POLITICA

Comunali a Roma, assalto finale di Letta a Zingaretti. Entro sabato la scelta

IL LEADER PD SPINGE PER LA CANDIDATURA DEL GOVERNATORE. CHE TEME UNO STRAPPO COL M5S IN REGIONE LAZIO
ANDREA CARUGATI ITALIA/ROMA

I vertici nazionali del Pd non demordono: vogliono che il candidato per il Comune di Roma sia Nicola Zingaretti, l’unico secondo i sondaggi in grado di riportare la Capitale ai dem senza troppi patemi. Più che un pressing, quello delle ultime ore si sta trasformando in un assalto al governatore del Lazio. Che tuttavia resiste. Non vuole lasciare la Regione in piena campagna vaccinale. E soprattutto teme che, una volta ufficializzata la sua candidatura contro Virginia Raggi, la sua giunta che tiene dentro anche il M5S vada in frantumi. Che si torni a votare in autunno nello stesso giorno per Comune e Regione, a quel punto senza alleanza Pd-grillini. E che la destra si prenda tutto.
Uno scenario da incubo per Zingaretti che in queste settimane sta ricevendo elogi per come ha condotto la campagna vaccinale e, più ingenerale, la lotta al Covid. Agli emissari del Nazareno ha ripetuto questo concetto più e più volte: «Senza un accordo blindato col M5S in Regione io non mi muovo». E l’accordo non c’è. Perché le due assessore grilline avrebbero grossi imbarazzi a restare in giunta con un presidente che si appresta a sfidare la loro sindaca. Certo, Roberta Lombardi è sempre stata rivale di Raggi. Ma non fino a questo punto. E poi c’è il tema del calendario: Zingaretti non vuole che si voti lo stesso giorno, vorrebbe dimettersi il più tardi possibile per portare il Lazio al voto a inizio 2022. Non prima. Ma con un governatore in campagna elettorale contro la sindaca Raggi la maionese potrebbe impazzire. E il risultato una doppia sconfitta.

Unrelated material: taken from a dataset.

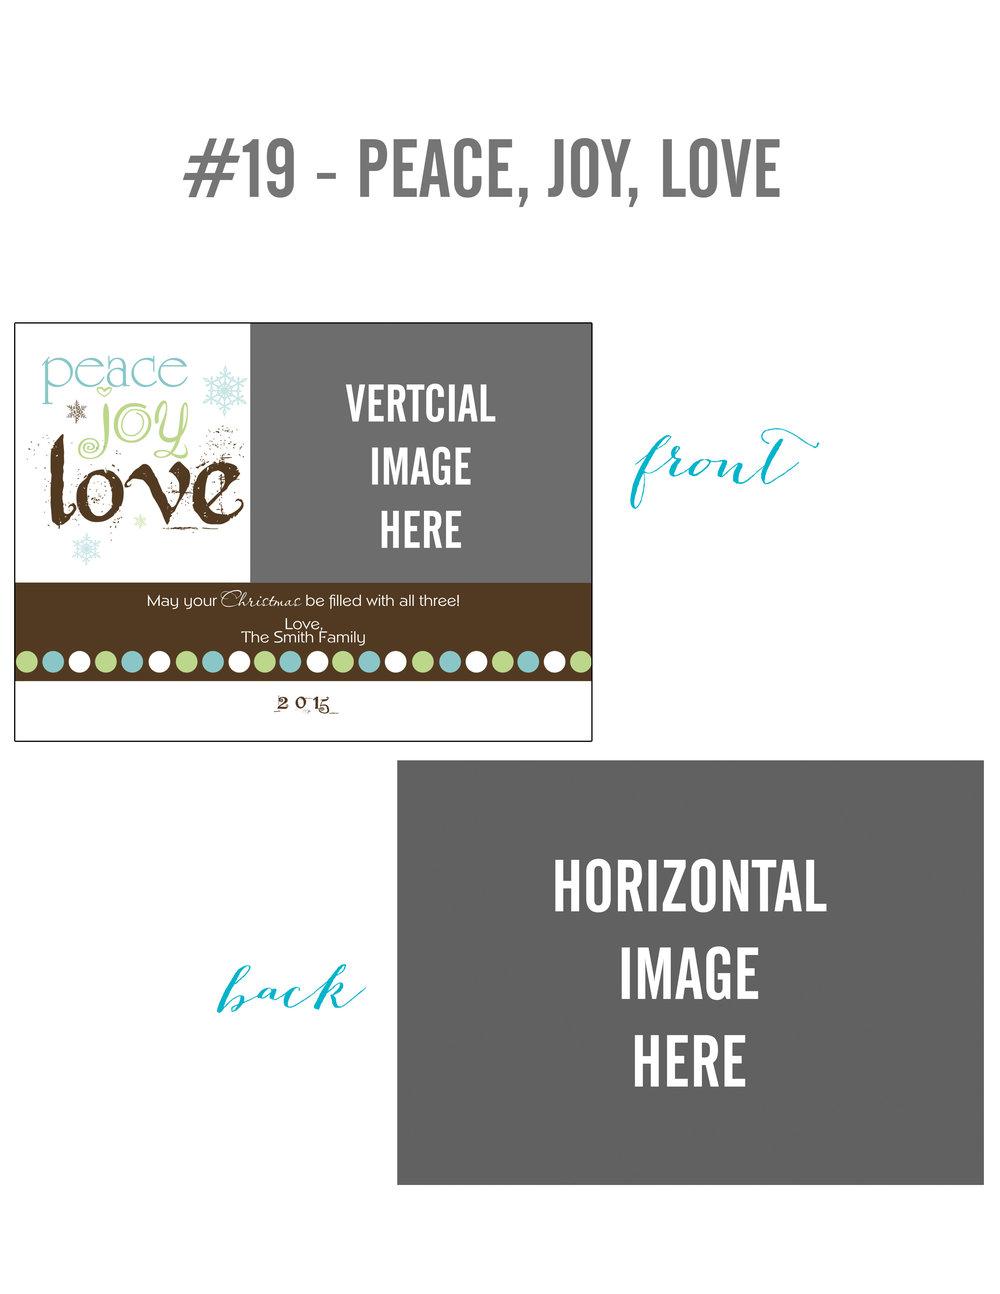 19-PEACE, LOVE, JOY.jpg

Letta e i suoi collaboratori hanno deciso che la partita dovrà essere chiusa entro la settimana. Non è un ultimatum a Zingaretti ma gli assomiglia. Ieri il Pd romano ha sconvocato la riunione del centrosinistra prevista per fissare le regole delle primarie. Rinviata a domani. Per prendersi altro tempo per l’assalto finale al governatore. Voci di palazzo dicono che una candidatura di Roberto Fico a Napoli potrebbe sbloccare anche il caso Roma, con il ritiro di Raggi. Ma il M5S è un frullatore senza comandi, e non c’è nessuno che abbia la forza per imporre il ritiro alla sindaca.
Letta è preoccupato. Teme che le primarie- fissate per il 20 giugno- possano partorire una candidatura troppo debole, quella di Roberto Gualtieri, insidiato da Raggi nelle periferie e da Carlo Calenda nei quartieri alti. L’idea di perdere Roma è una prospettiva che lo spaventa: un bottino negativo alle comunali d’autunno nelle grandi città (per ora la vittoria è assai probabile solo a Milano e Bologna) indebolirebbe la sua leadership. Rischia di riaprire il teatrino dem - congresso sì,congresso no- che ha portato Zingaretti alle dimissioni a marzo.

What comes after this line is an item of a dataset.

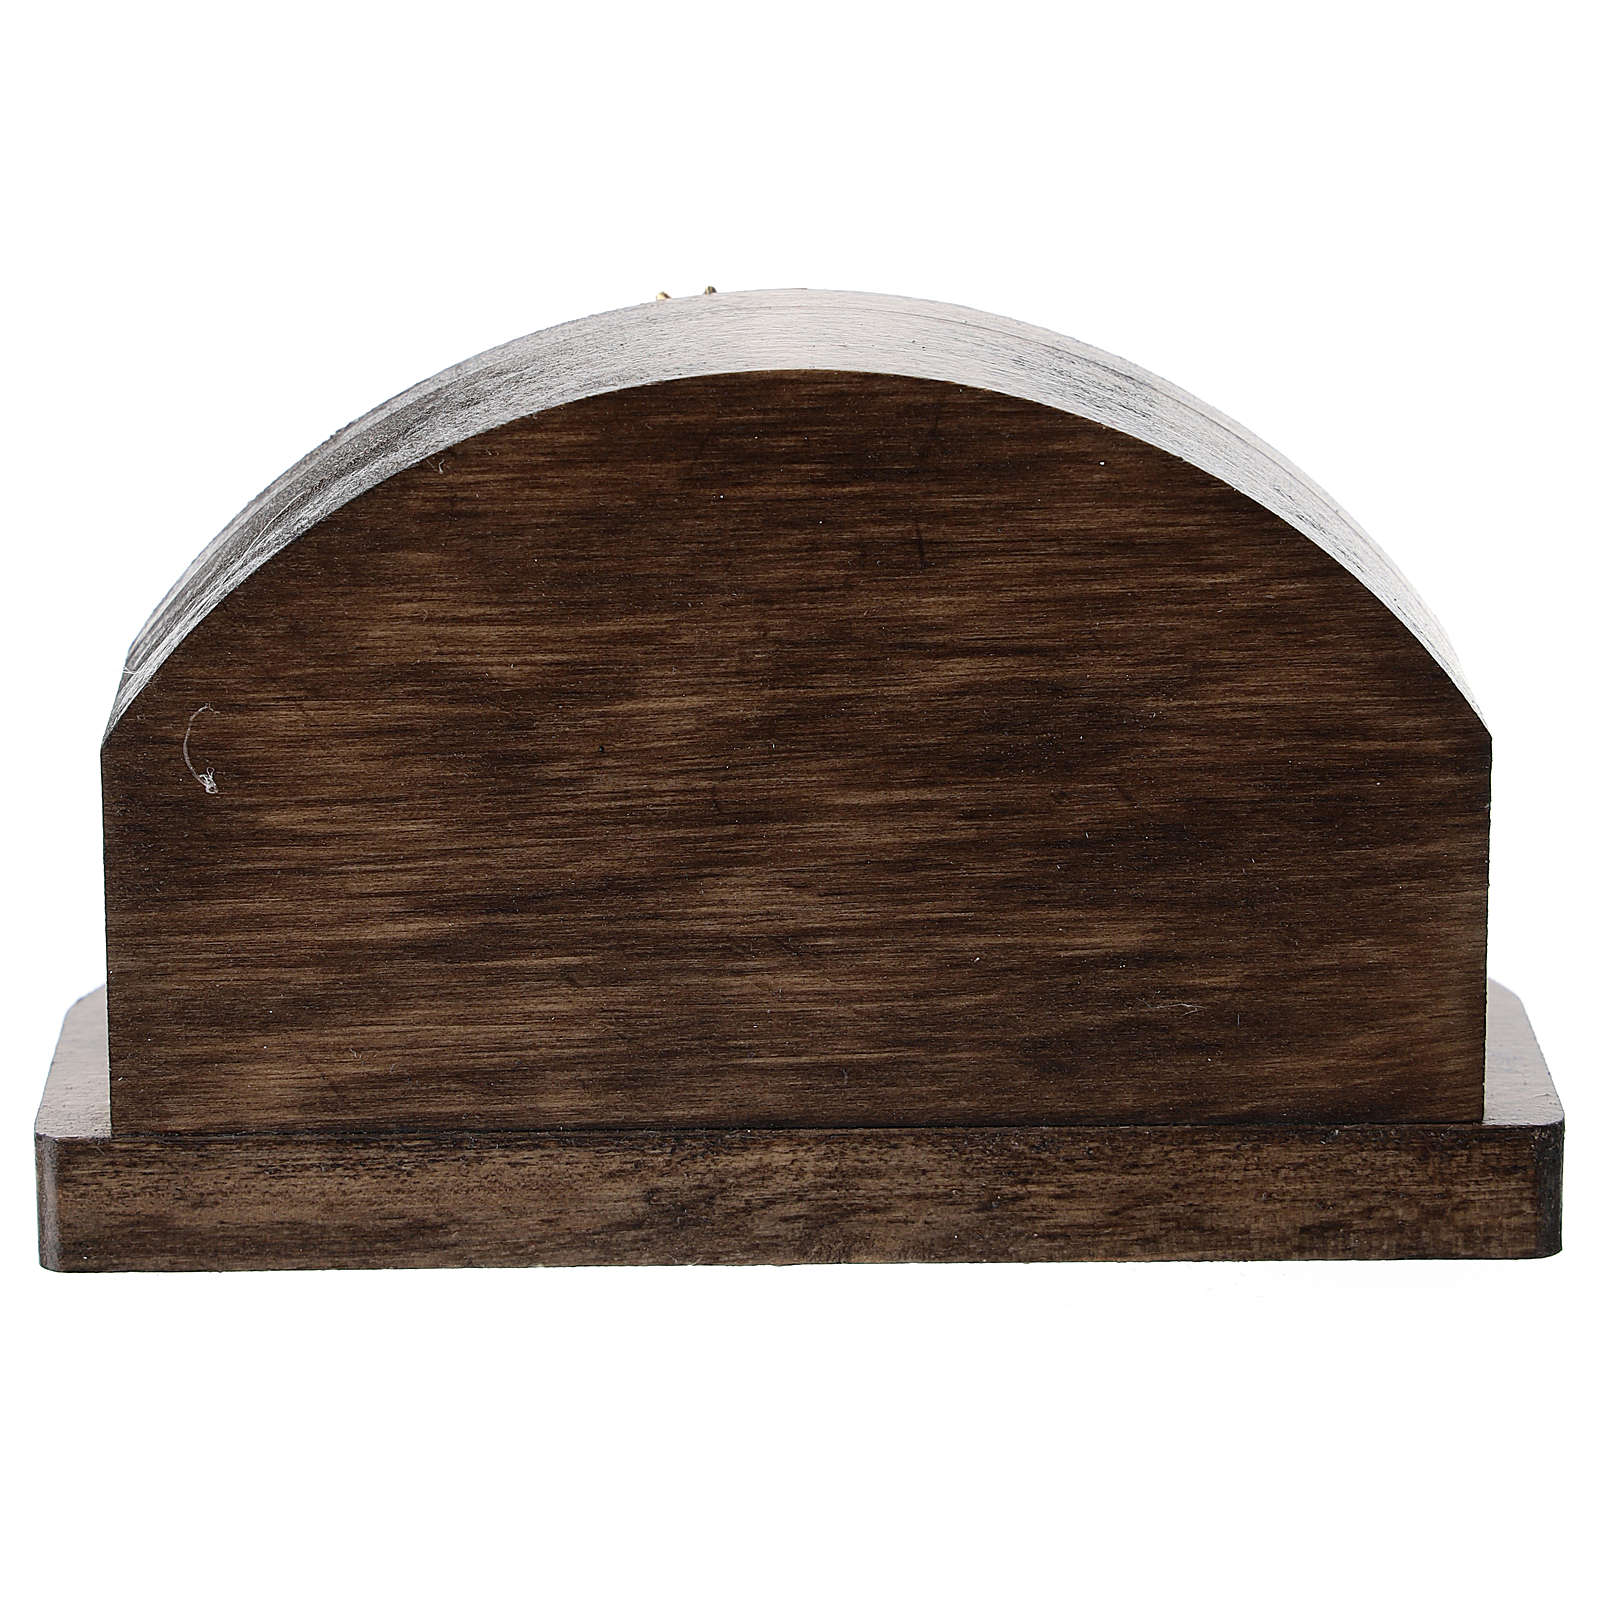 Cabaña madera redonda con Natividad 5 cm metal 3

E tuttavia il governatore ha un debito con Letta: è stato l’ex premier, con il suo ritorno da Parigi, a risolvergli un grosso problema. Se non si fosse trovato in tempi rapidissimi un nome di quel peso il partito avrebbe rischiato di implodere, con la sinistra e gli ex renziani pronti a prendere strade separate.
La partita di Roma rischia di trasformarsi in uno psicodramma, minando anche la credibilità dei protagonisti. Zingaretti da mesi dice di non volersi candidare, ieri lo ha ribadito: «Mi occupo tutti giorni della mia città perché sono presidente della Regione. Sulla candidatura a sindaco il centrosinistra ha scelto le primarie. Ci sono delle candidature valide». Poi, a domanda su Gualtieri, ha risposto: «Mi auguro che sia il prossimo sindaco». Entro sabato lo psicodramma dovrebbe finire. Con una decisione chiara. Gualtieri, Monica Cirinnà e gli altri aspiranti scaldano intanto i motori per le primarie.